Generally, a new start-up will be required to submit their personal financial statements, personal tax returns, a business plan and details of equipment they wish to lease. Once submitted, the information is reviewed and a business should be able to obtain a quote and a decision in principle soon after.

There are several types of lease agreement, which allow a new company to acquire the assets they need to run their business without upfront capital outlay. What leasing does is enable the equipment to be paid for over a fixed period of time – typically two to five years through a series of contractual, tax deductible payments.

Leasing is great for new start-ups as it can help improve cash flow by preserving their working capital.
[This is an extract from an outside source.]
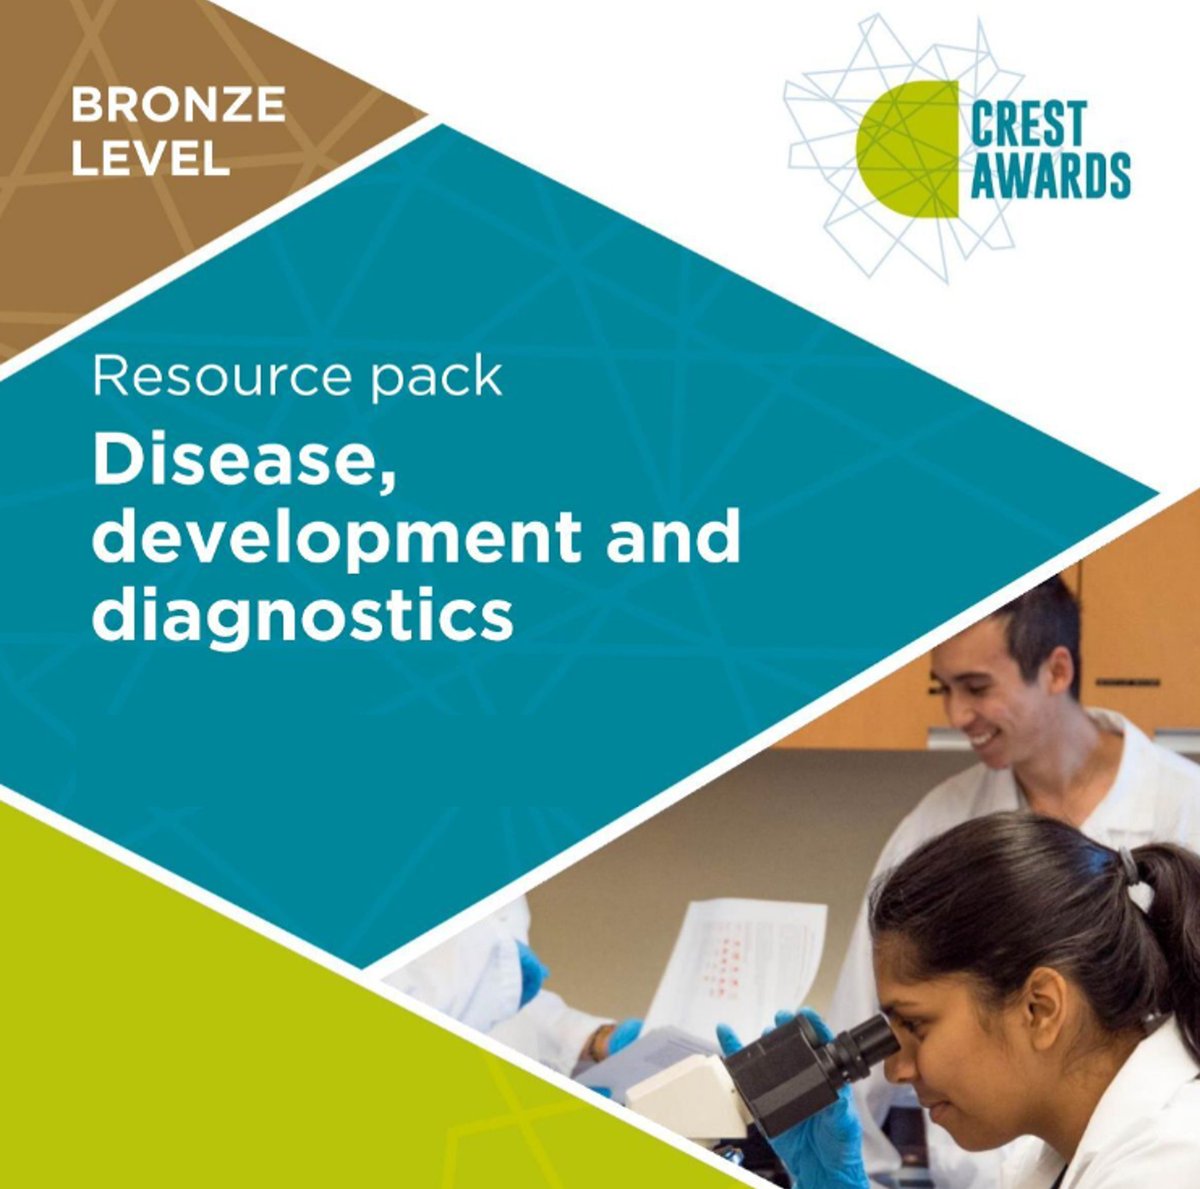 It's #InternationalActionDayForWomensHealth tomorrow❤️‍🩹 To tie in with the day, why not get your students involved in the disease, development and diagnostics #CRESTAward projects? Find out more here: secondarylibrary.crestawards.org/disease-develo… #Education #STEM #WomensHealth #Health
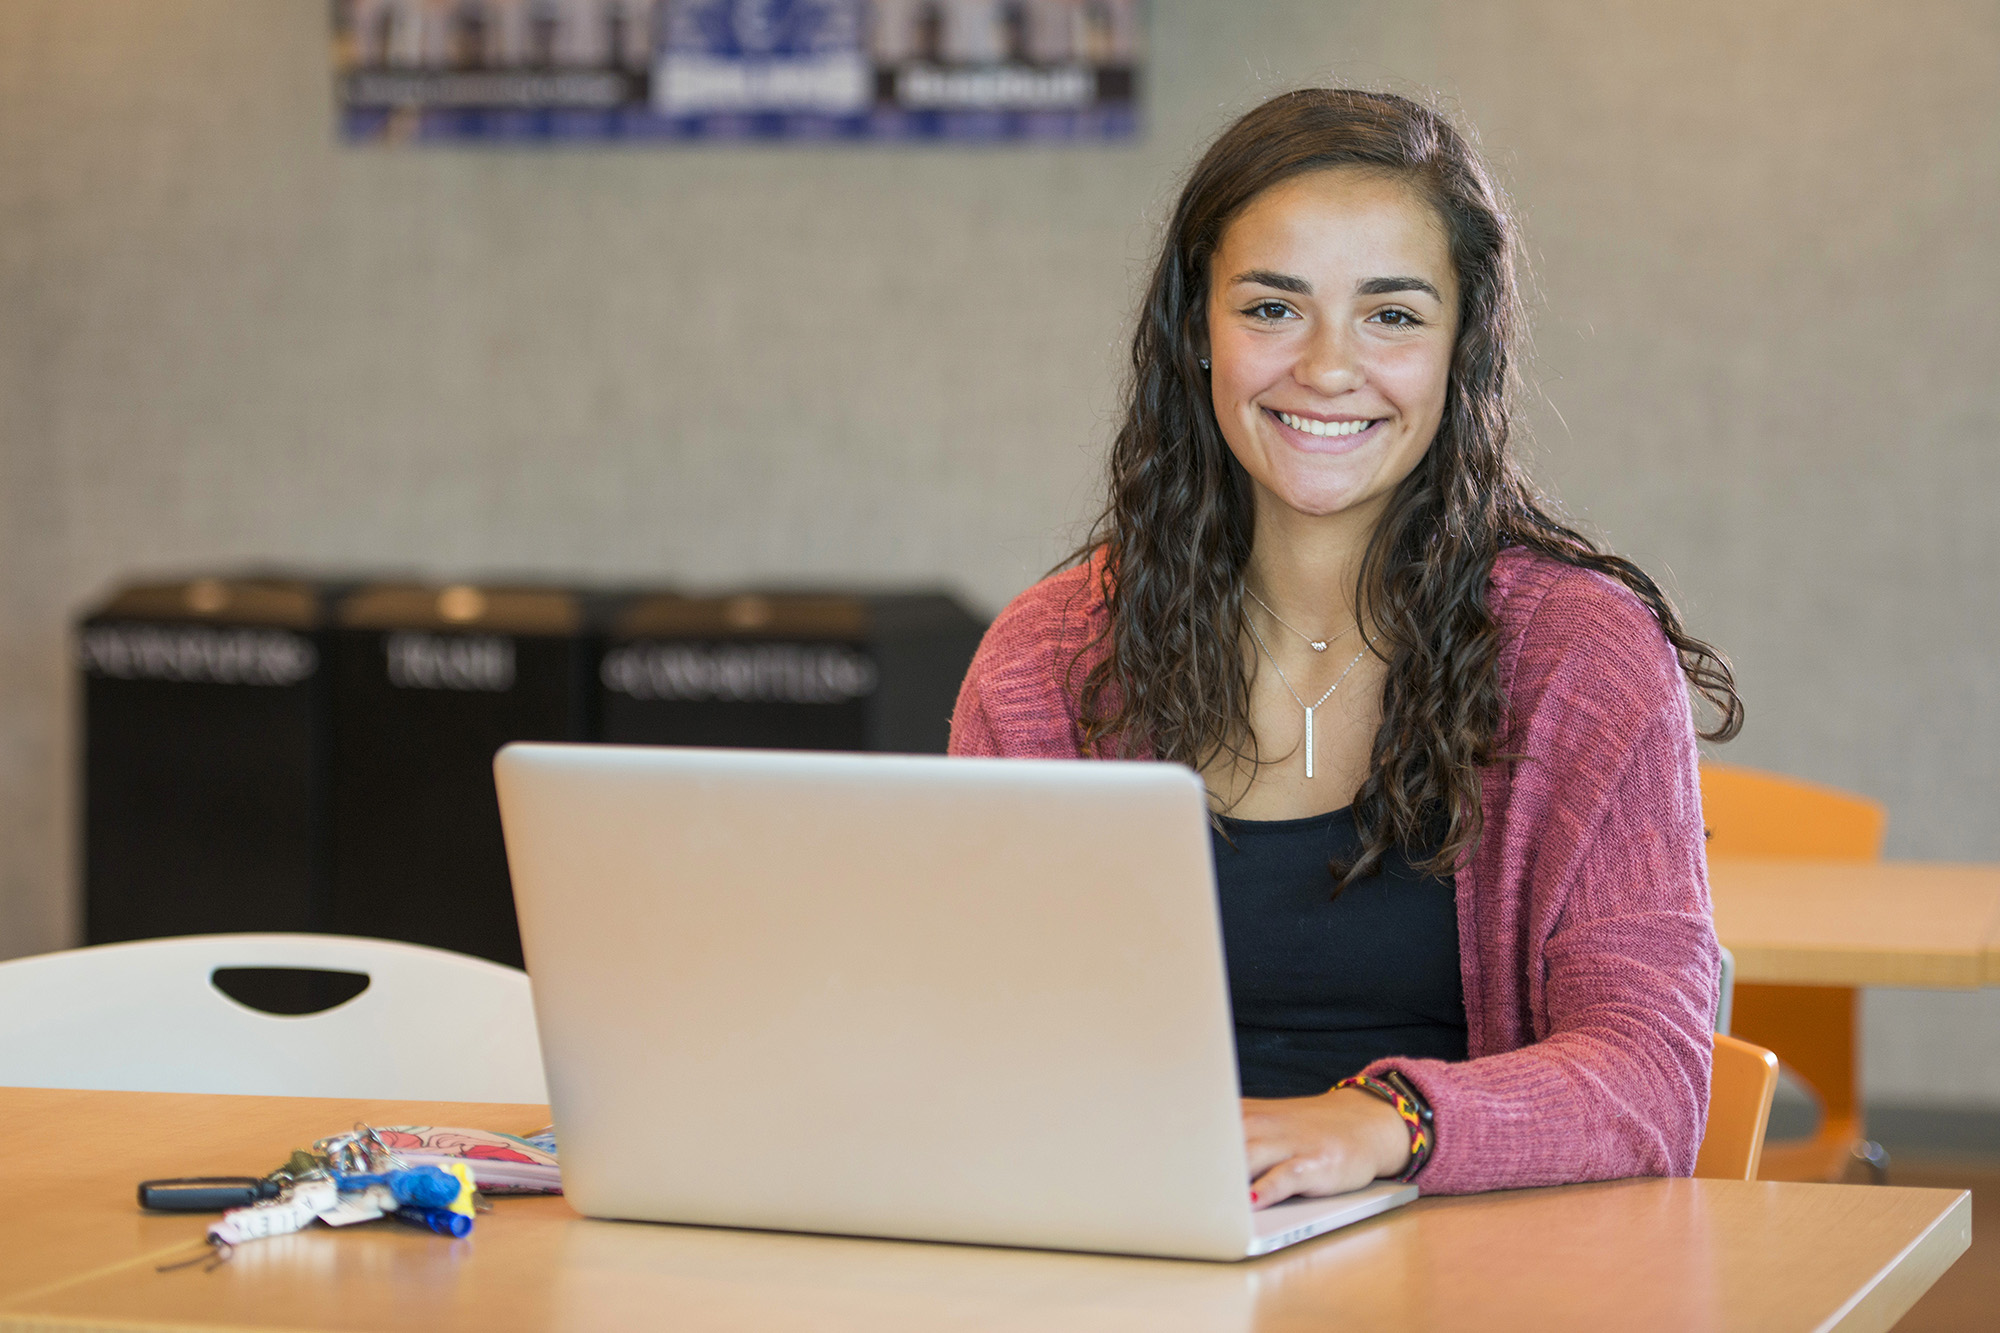 A student poses with a laptop in the Student Center.

This leaves funds available to reinvest elsewhere in the business or to cover unexpected costs that may arise. Many businesses also find leasing advantageous from a budgeting standpoint as switching from outright purchase to a lease agreement changes how the equipment is accounted for.

Leasing offers considerable tax benefits for new businesses too. Lease ‘rental’ payments are an allowable business expense that can be set against profit – thereby potentially reducing your tax bill. Other methods of equipment acquisition, such as outright purchase, do not have the same level of tax benefit.